What this task involves - Write the records below out again exactly as given, with no images.

Records for this exercise -
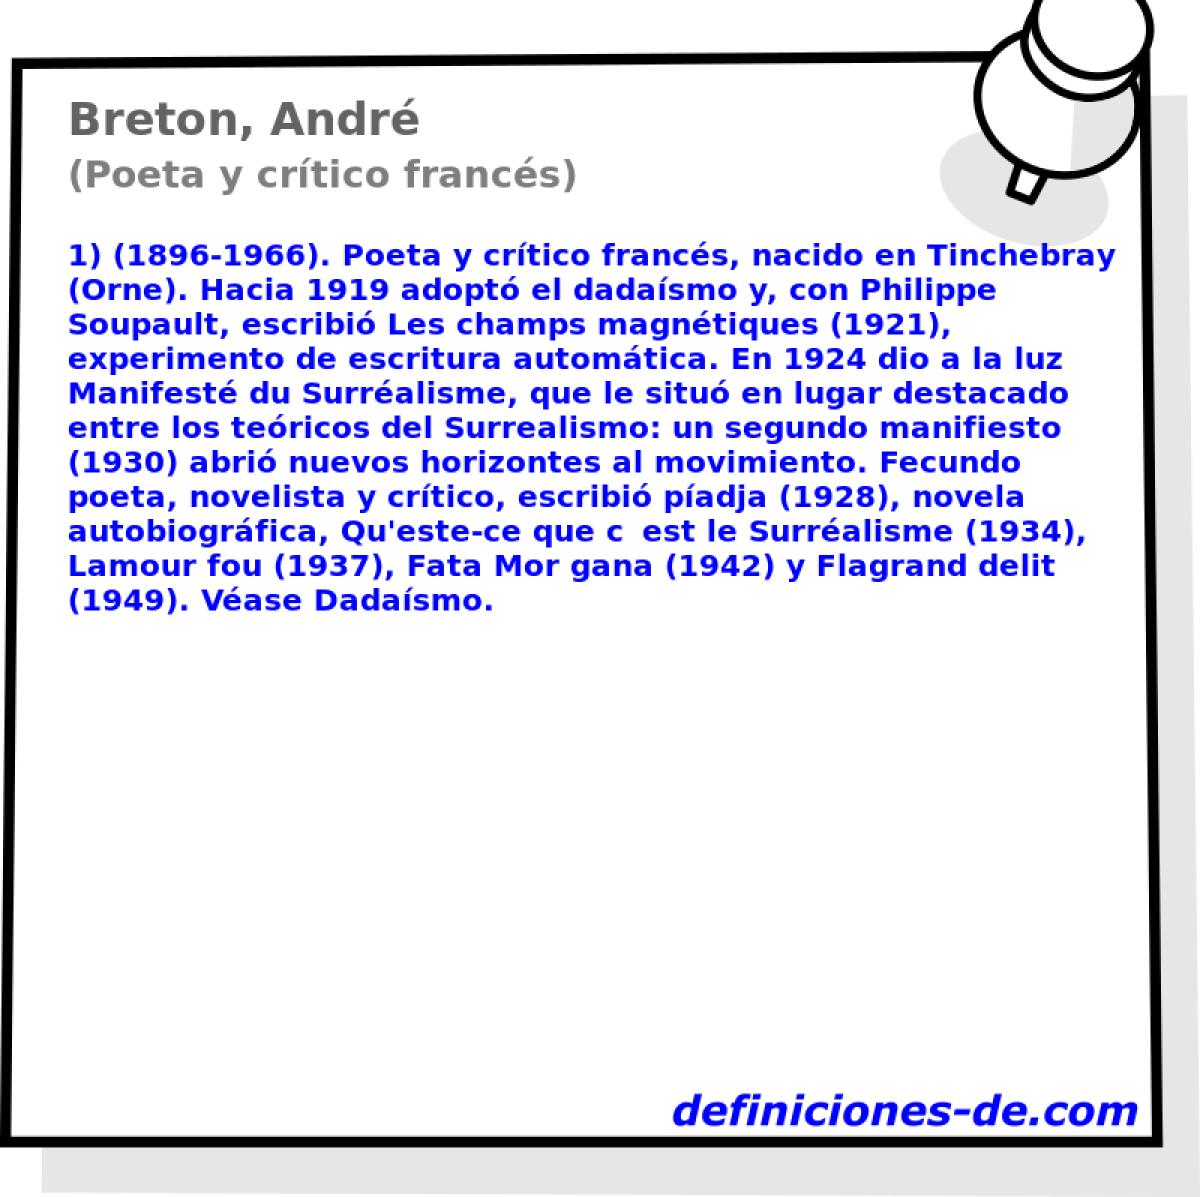 Breton, Andr (Poeta y crtico francs)
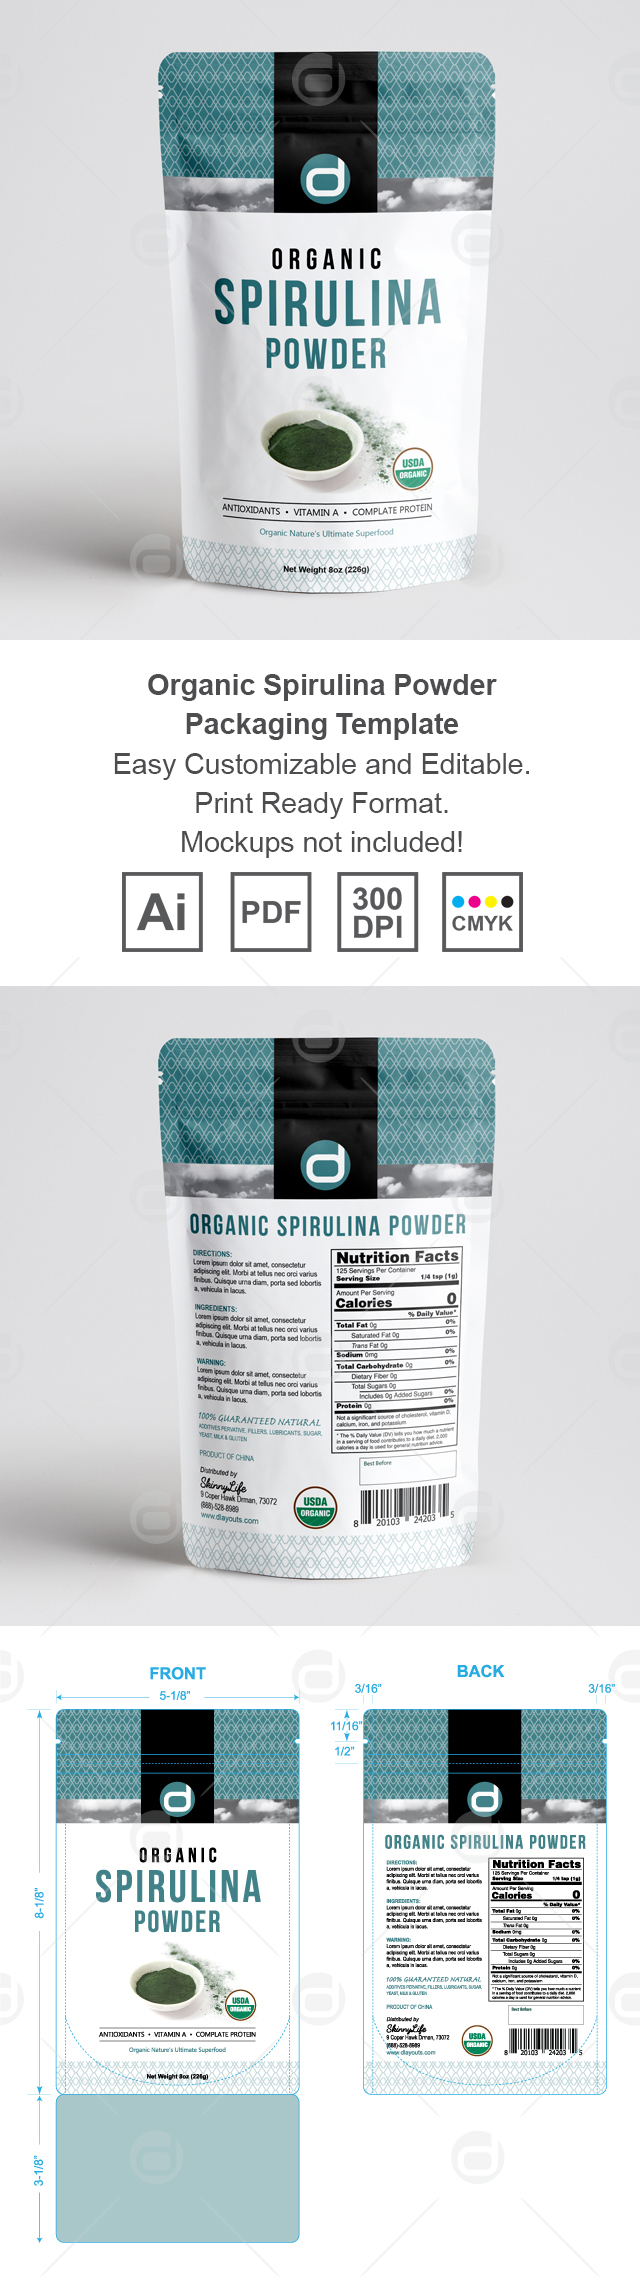 Organic Spirulina Powder Packaging Template
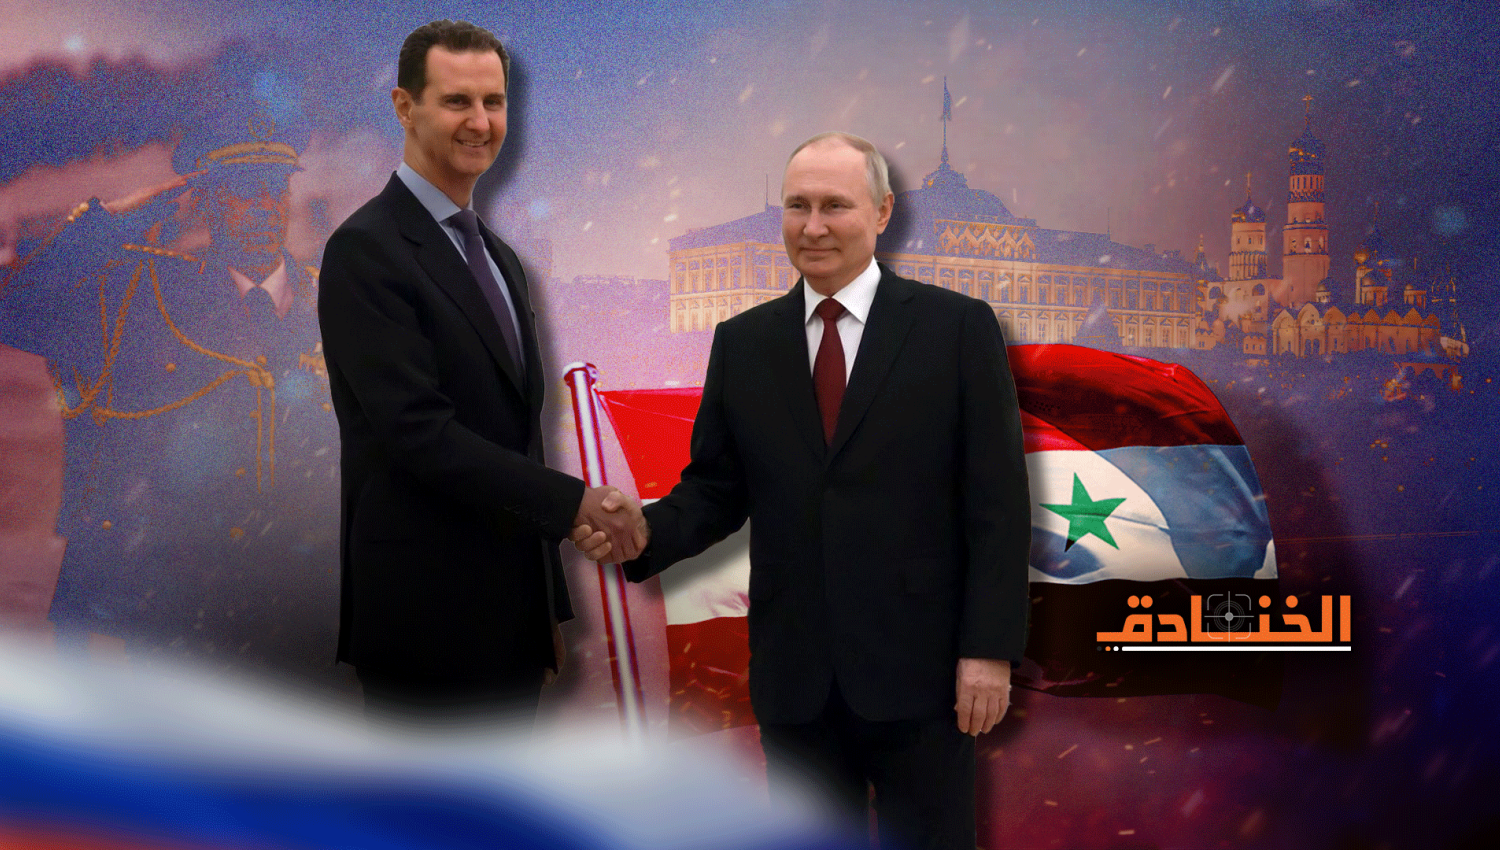 زيارة الرئيس الأسد الى روسيا: التخطيط للمرحلة العالمية المقبلة
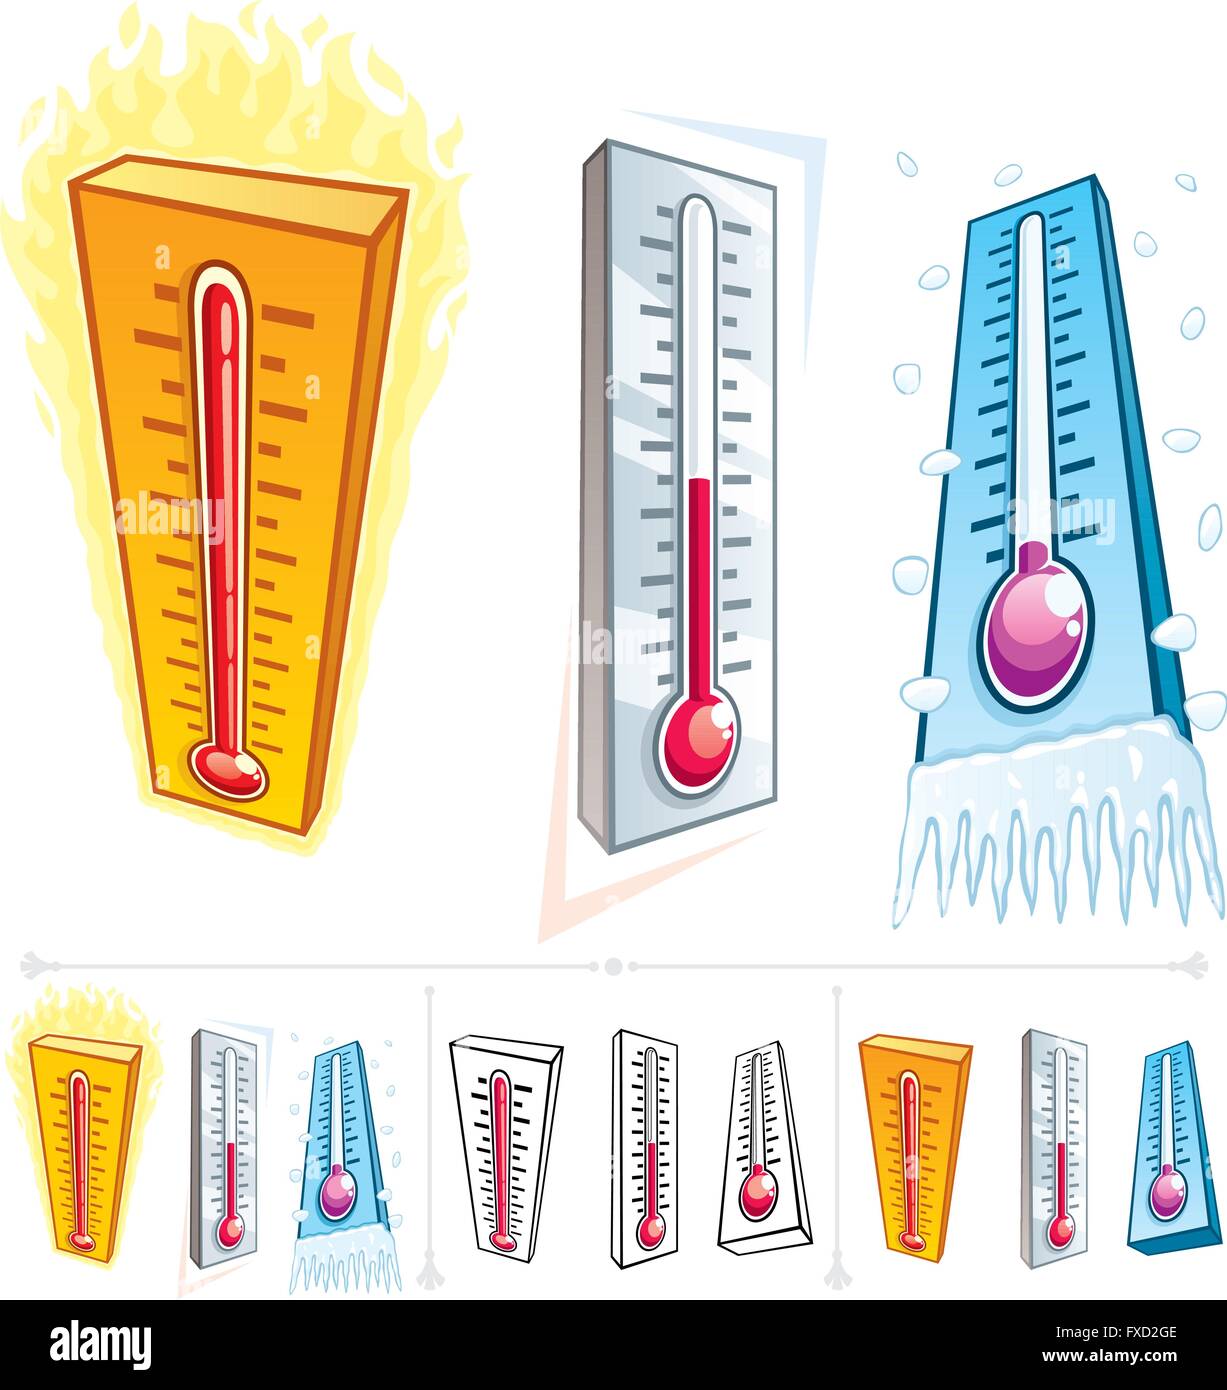 Termometro in 3 differenti condizioni termiche. Di seguito sono riportate altre 3 versioni di esso. Illustrazione Vettoriale
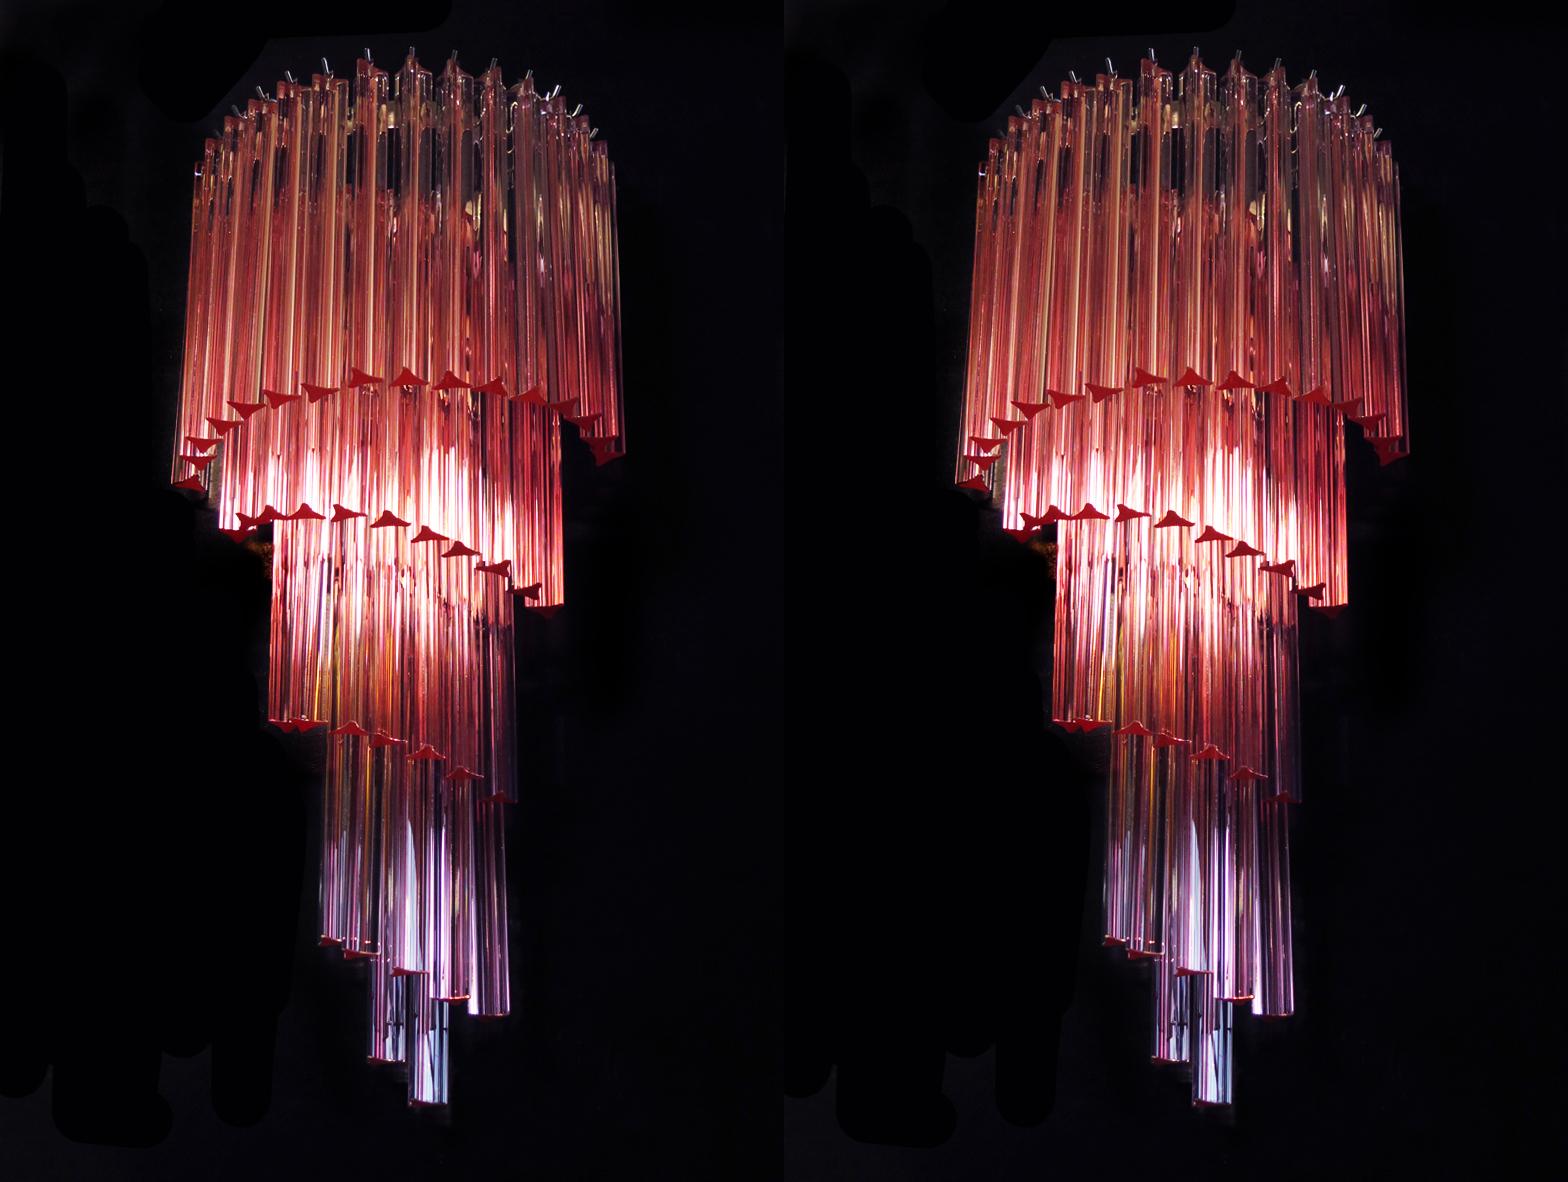 Énorme et fantastique paire d'appliques murales vintage de Murano faite de 41 prismes en cristal de Murano (triedri) pour chaque applique dans un cadre en métal chromé. La forme de cette applique est en spirale. Les lunettes sont roses.
Période :

Exercise result -
 Breton, Andr (Poeta y crtico francs)
 Organic Spirulina Powder Packaging Template
 زيارة الرئيس الأسد الى روسيا: التخطيط للمرحلة العالمية المقبلة
 Termometro in 3 differenti condizioni termiche. Di seguito sono riportate altre 3 versioni di esso. Illustrazione Vettoriale
 Énorme et fantastique paire d'appliques murales vintage de Murano faite de 41 prismes en cristal de Murano (triedri) pour chaque applique dans un cadre en métal chromé. La forme de cette applique est en spirale. Les lunettes sont roses.
Période :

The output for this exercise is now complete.